And then, selecting characteristic vectors, wherein the complaint characteristics of each user are influenced by the electricity consumption data differently, the application range of each information data index is not fixed, each information data index has a side focus, and the selection of the information data has great influence on the complaint characteristics of the user.

The user complaint behavior characteristic analysis mainly comprises the following steps:

step S121: and selectively extracting historical user electricity consumption data and user profile information data from the electricity consumption collection data source.
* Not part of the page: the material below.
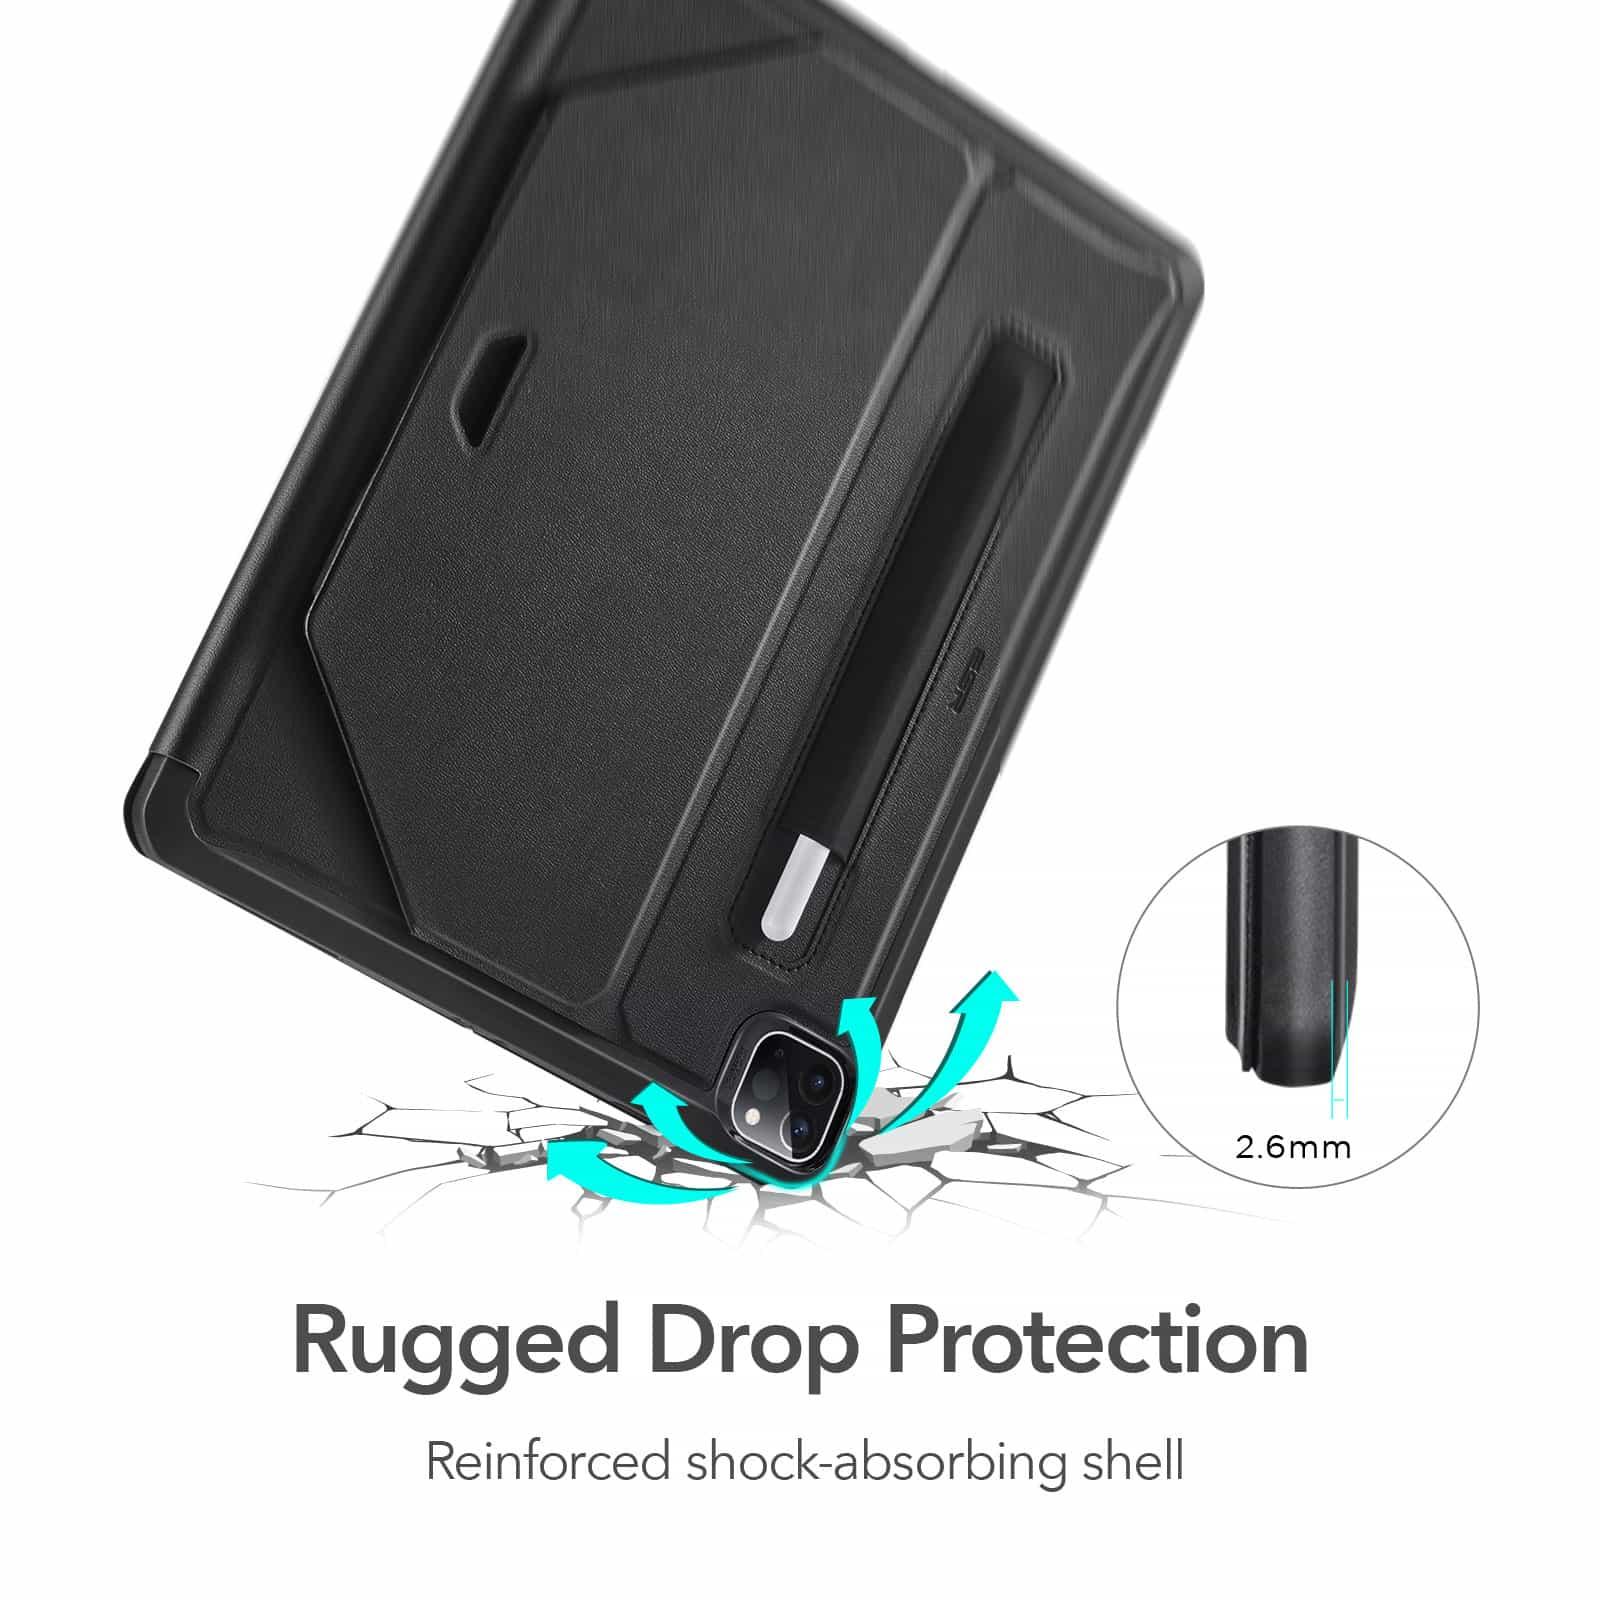 iPad Pro 12.9 2021 Rugged Protection Bundle 6

Step S122: and performing data association, data exploration analysis and preprocessing on the two data sets in the step S121, wherein the data association, the data exploration analysis and the preprocessing comprise the exploration analysis of data missing values and abnormal values, the cleaning and the transformation of data and the like.

Step S123: and (4) grading the user complaint characteristics by using the modeling data which is formed in the step (S122) and is subjected to the data preprocessing and a clustering algorithm, performing characteristic analysis on each power consumption customer group, and identifying the user characteristics of each grade.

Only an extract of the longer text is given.